> _COLLECTED DATA_
....

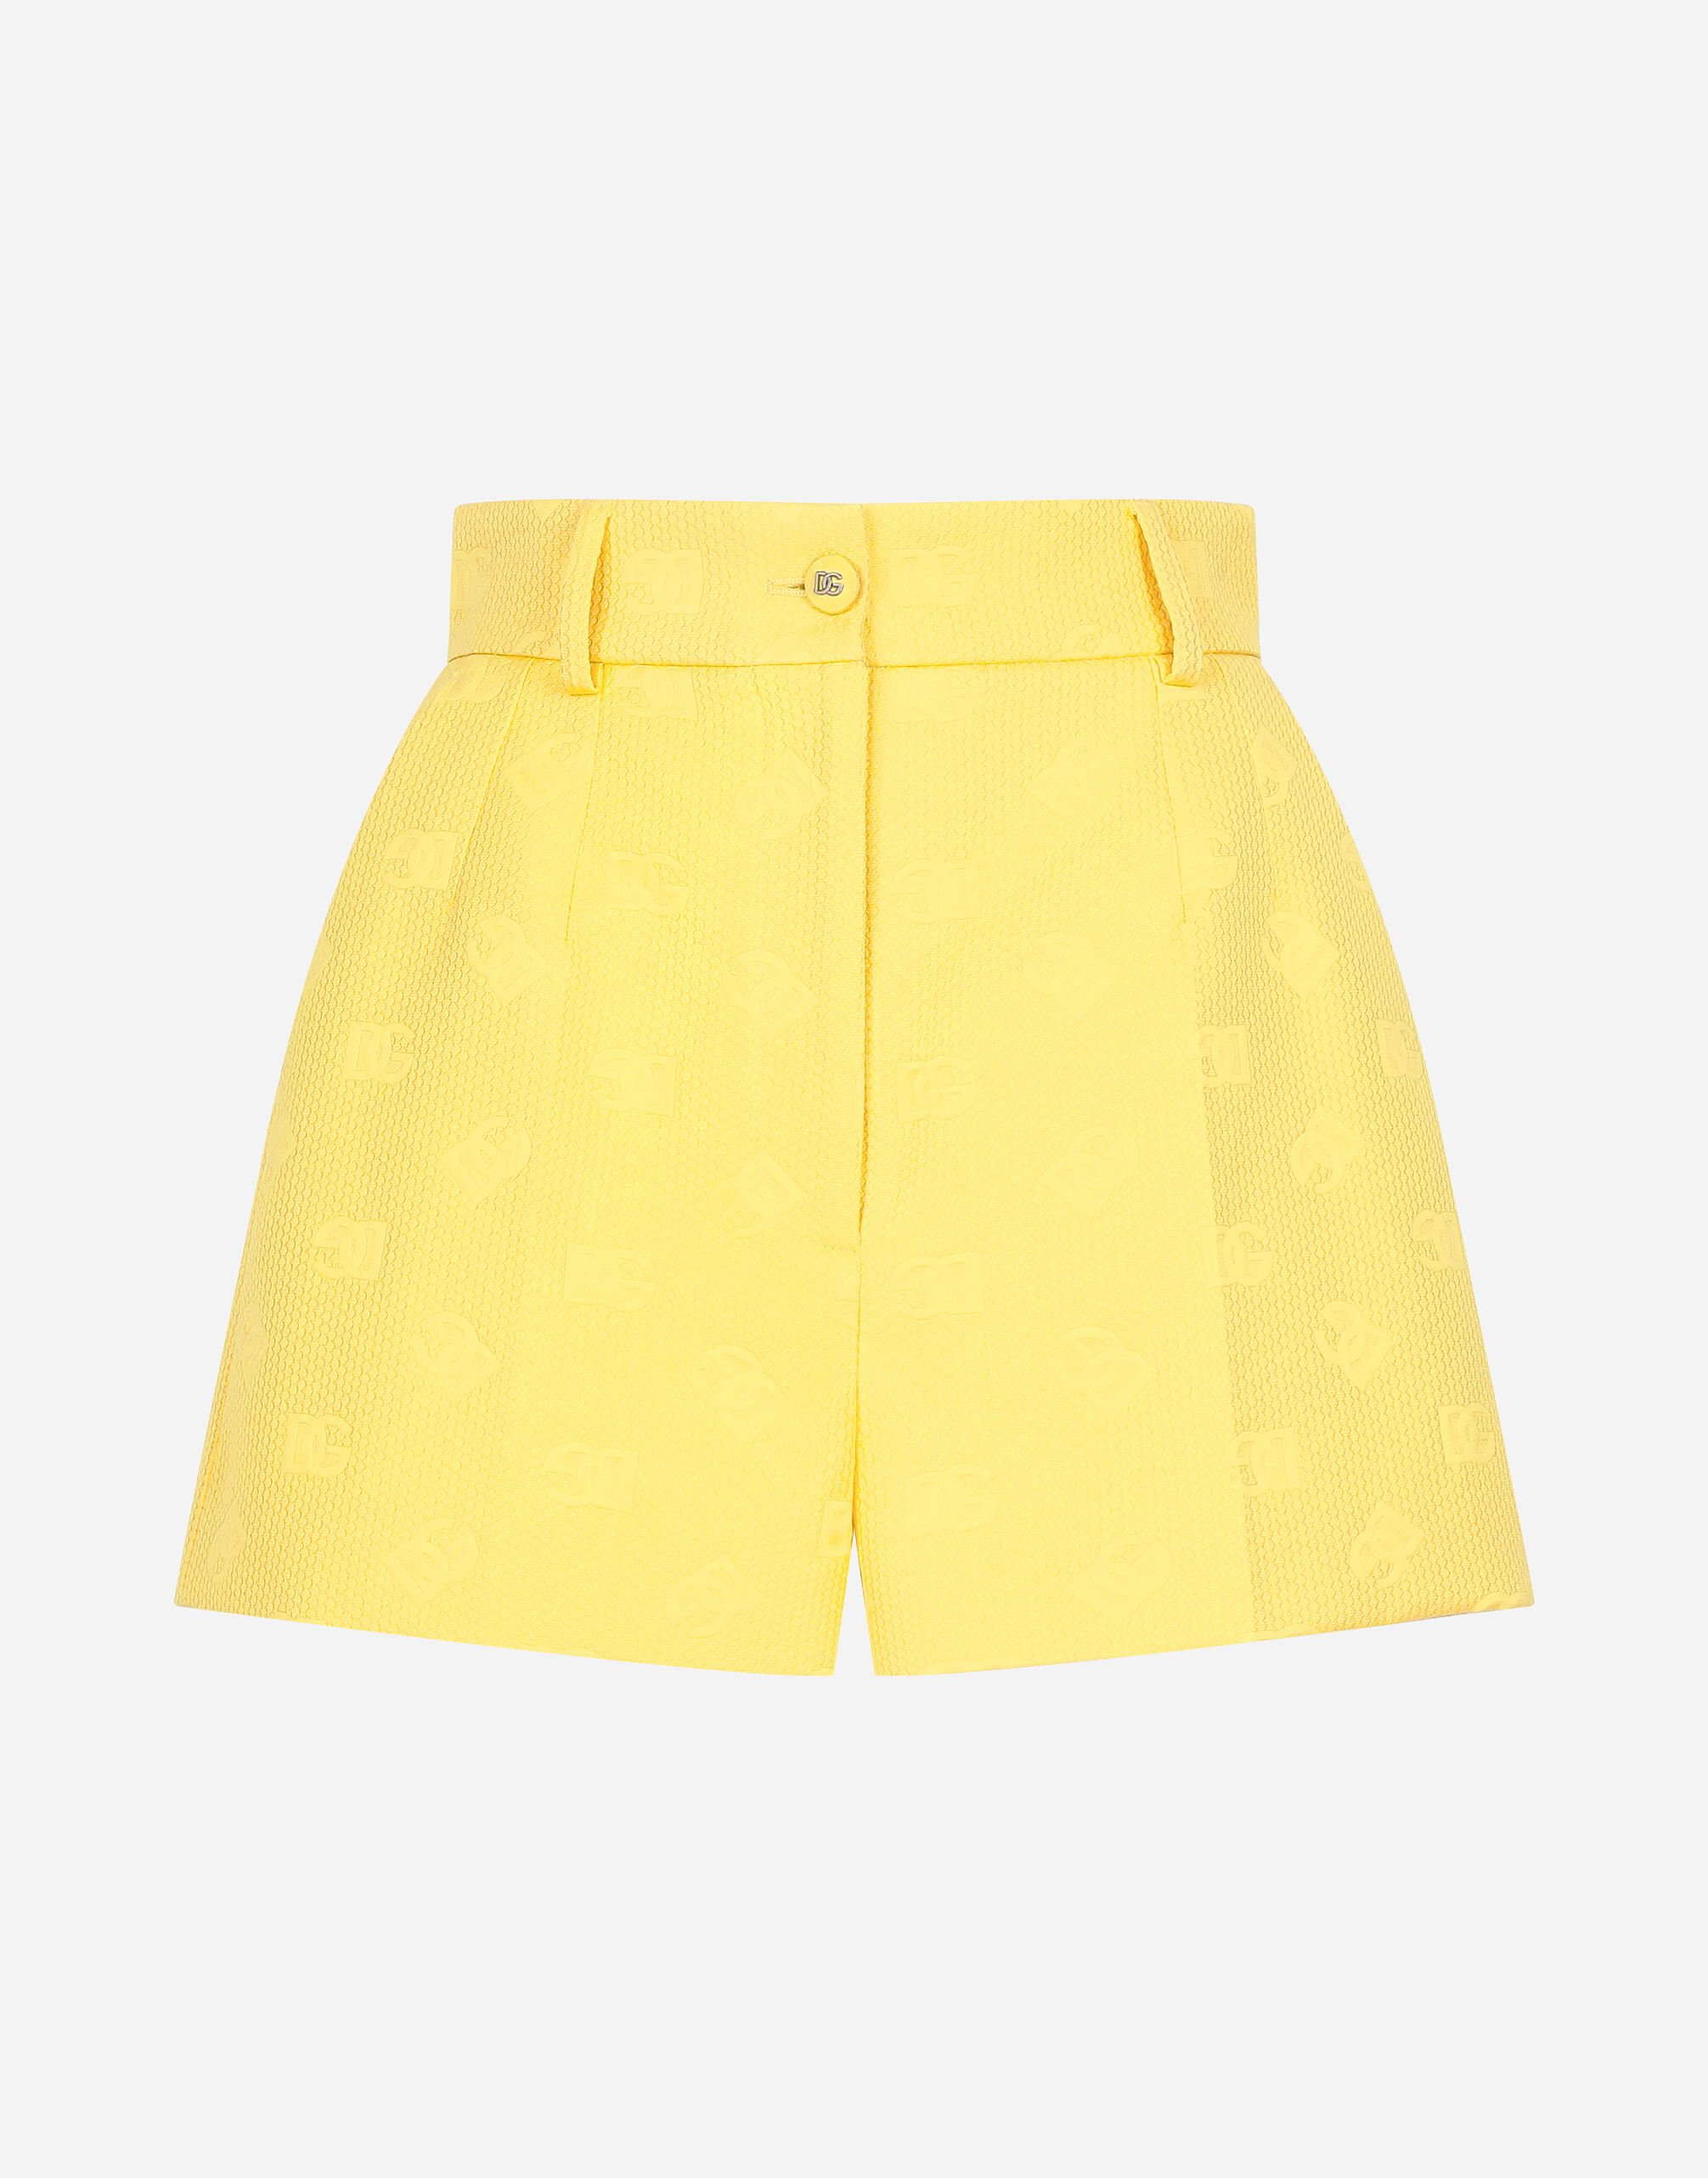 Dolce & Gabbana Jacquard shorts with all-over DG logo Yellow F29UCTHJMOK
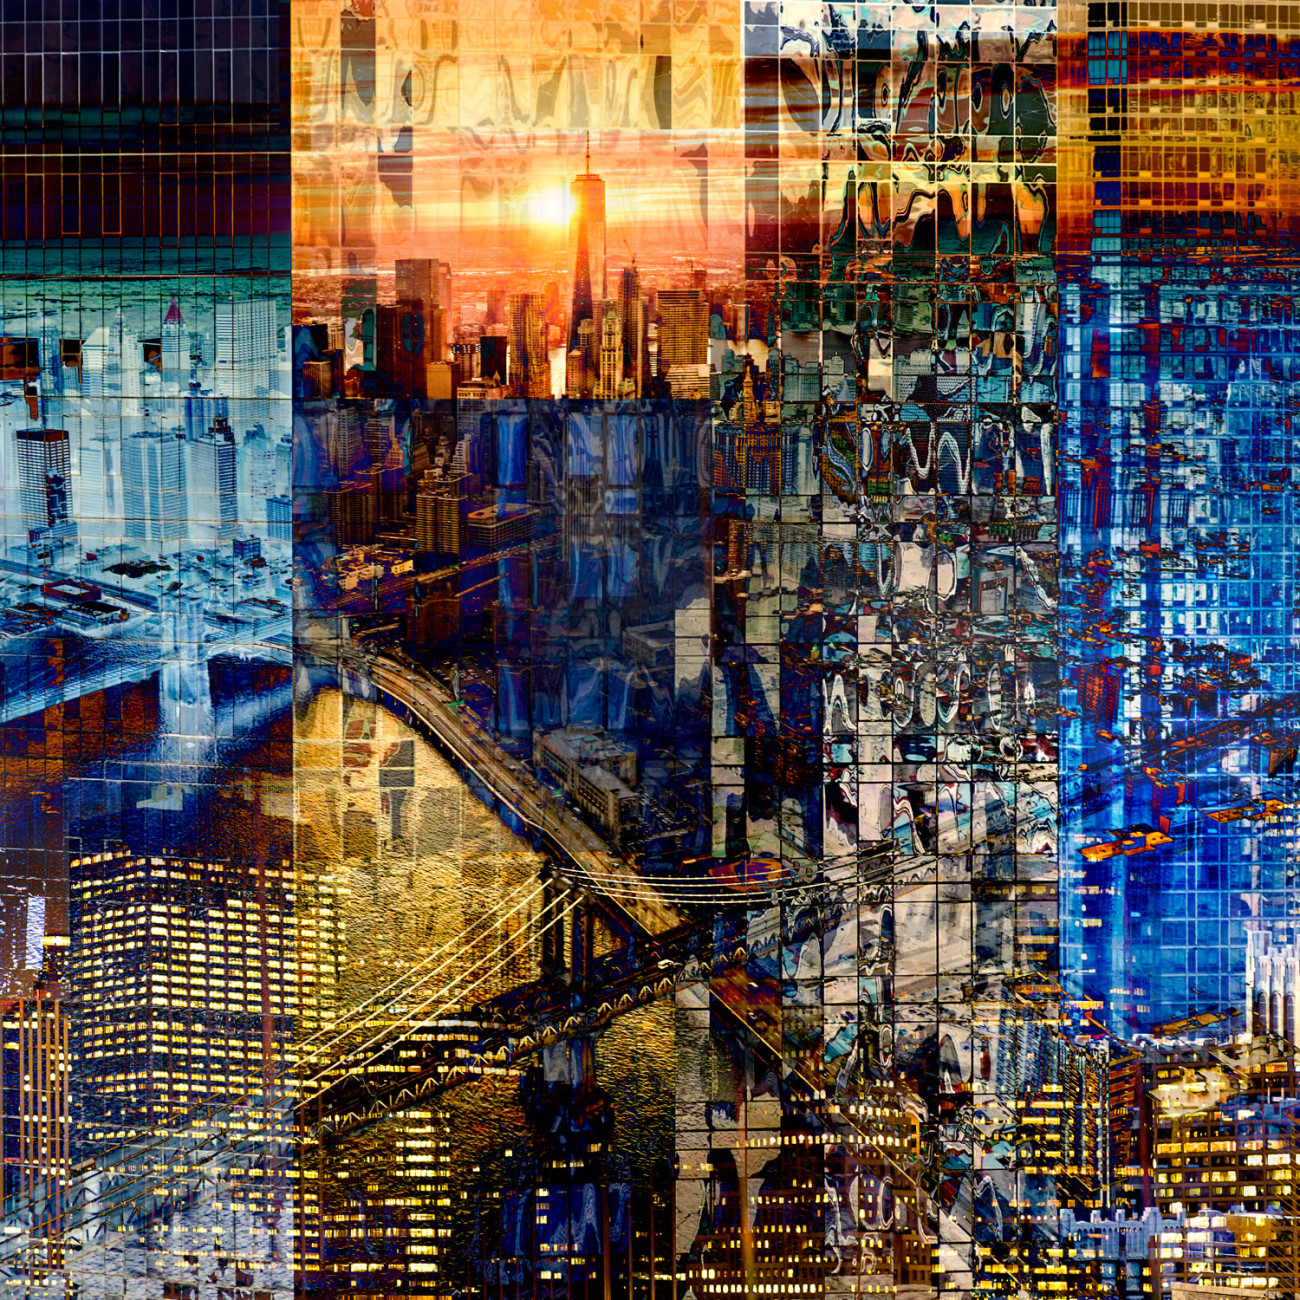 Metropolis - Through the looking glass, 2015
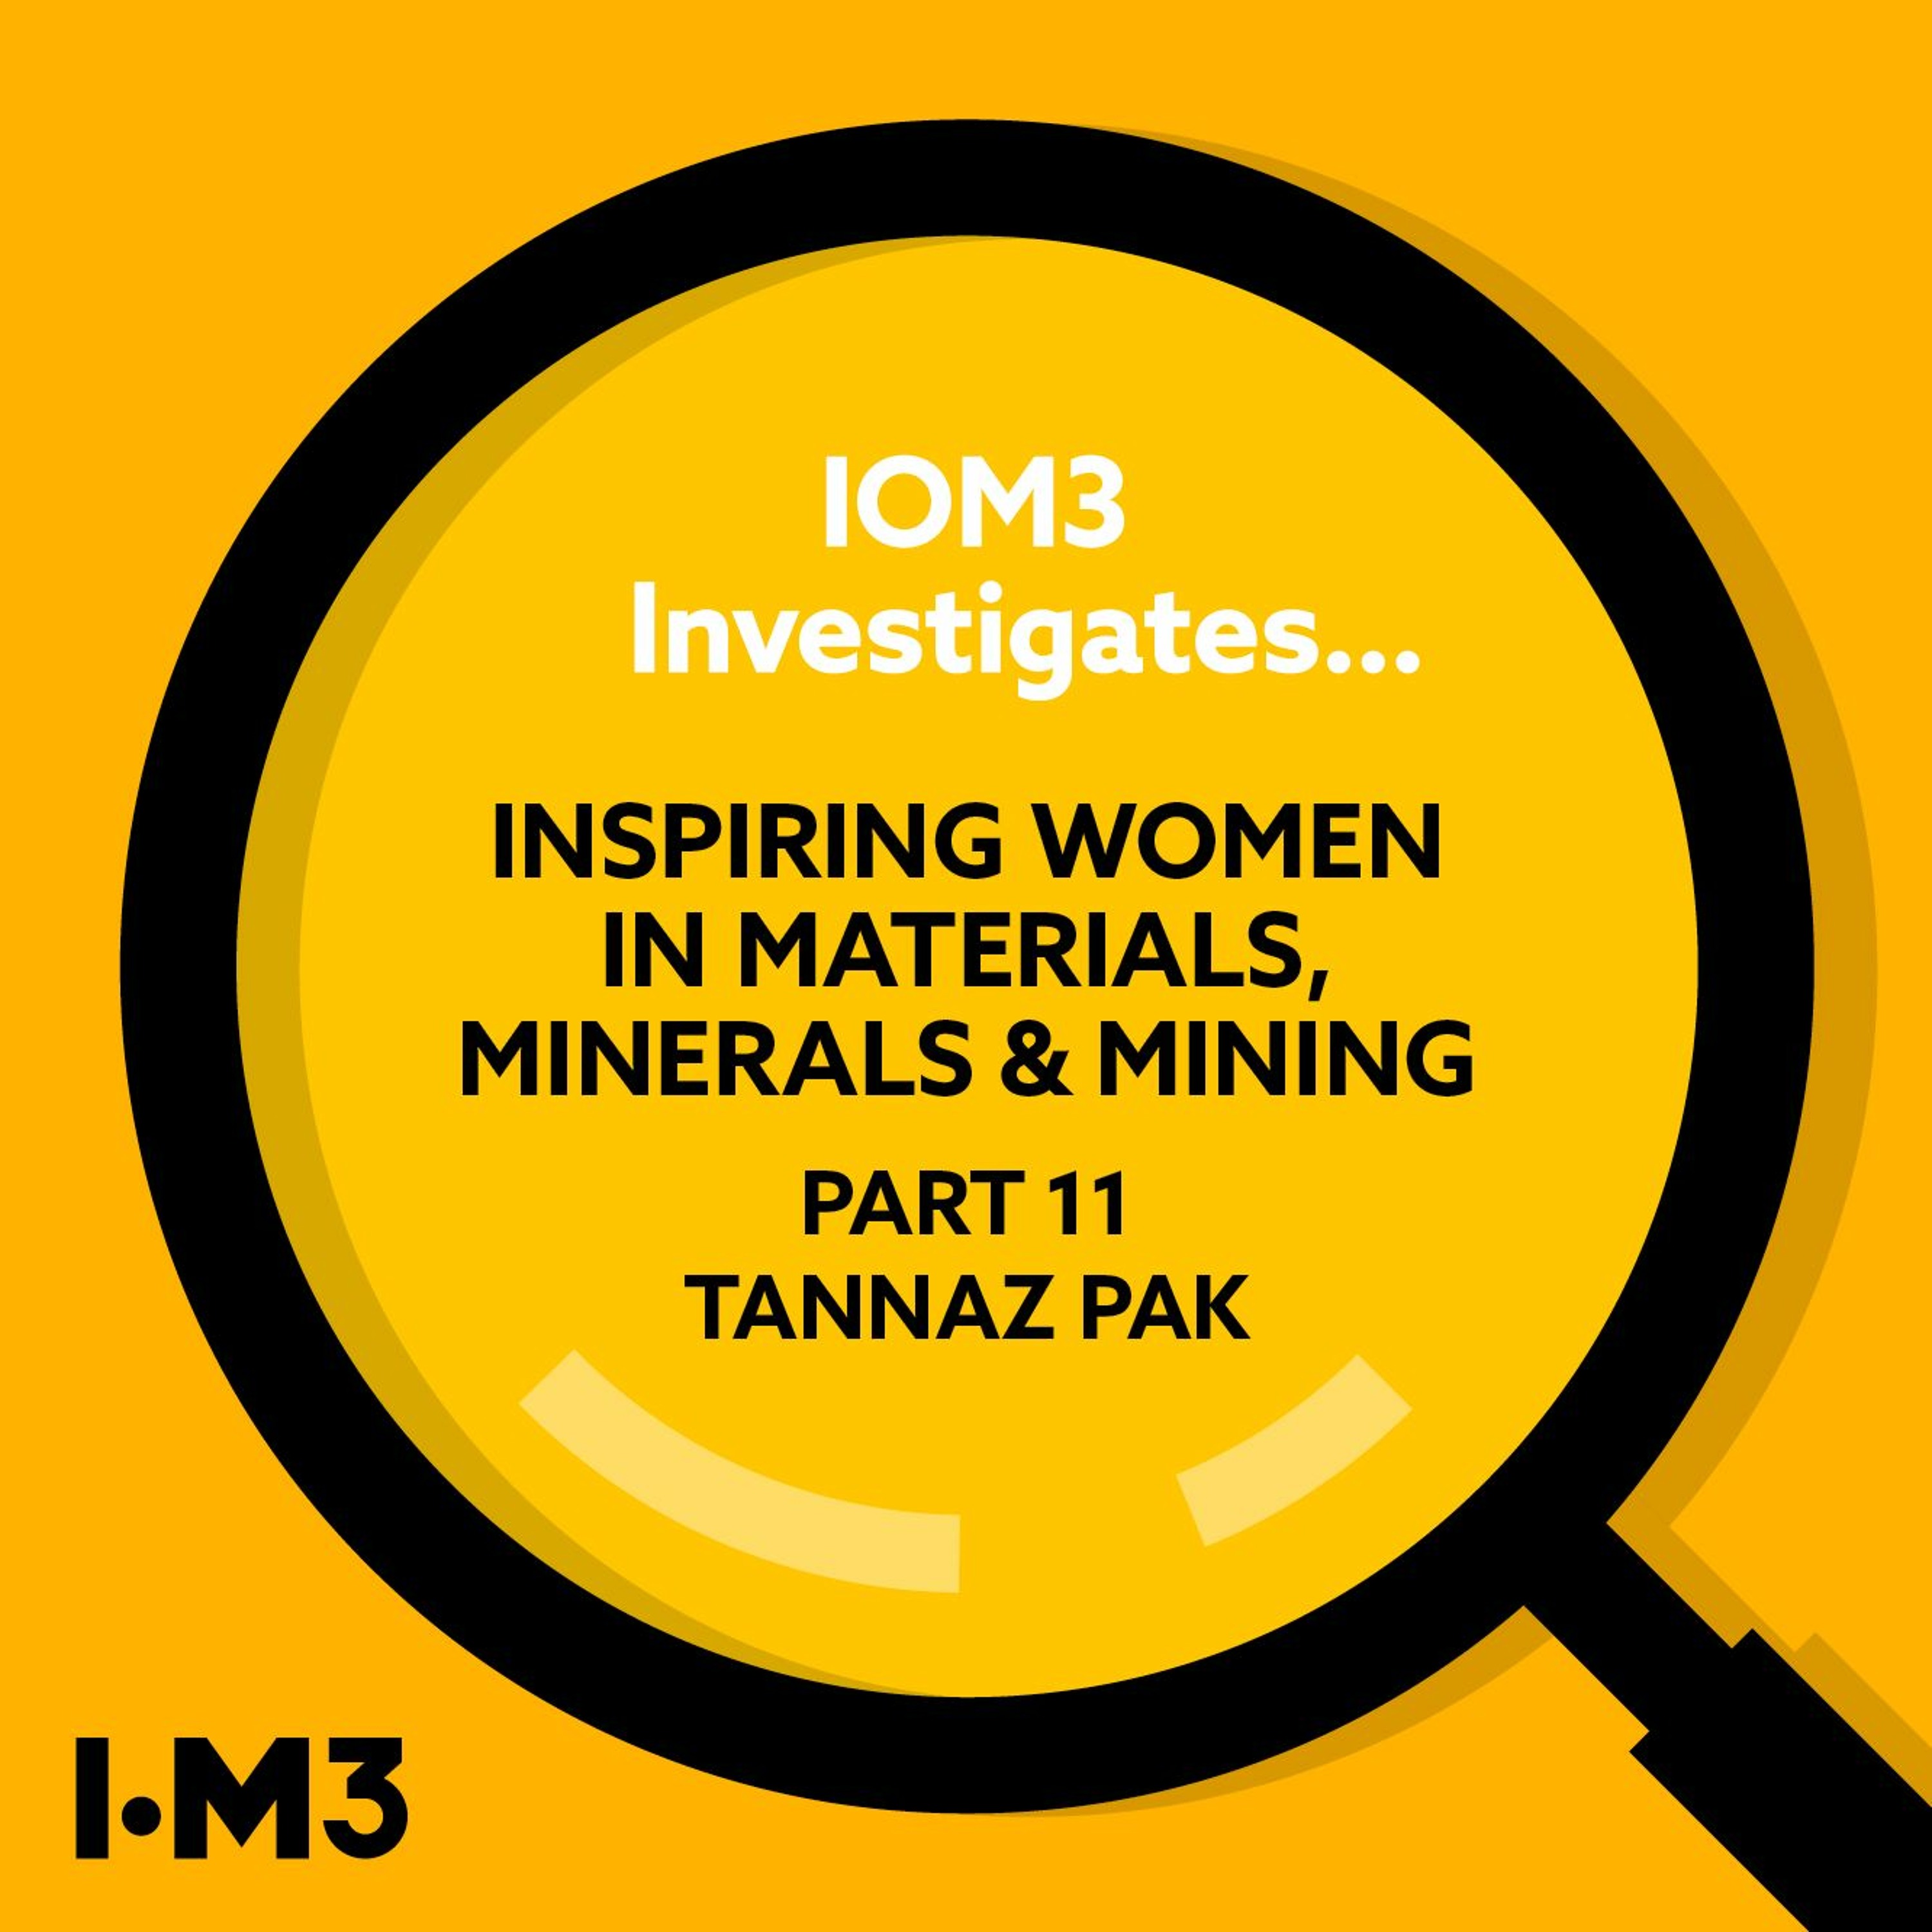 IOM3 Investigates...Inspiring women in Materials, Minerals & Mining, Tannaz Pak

....

Your reply must match the data above line for line, except that it holds no pictures.

> _OUTPUT FOR THIS TASK_
 Dolce & Gabbana Jacquard shorts with all-over DG logo Yellow F29UCTHJMOK
 Metropolis - Through the looking glass, 2015
 IOM3 Investigates...Inspiring women in Materials, Minerals & Mining, Tannaz Pak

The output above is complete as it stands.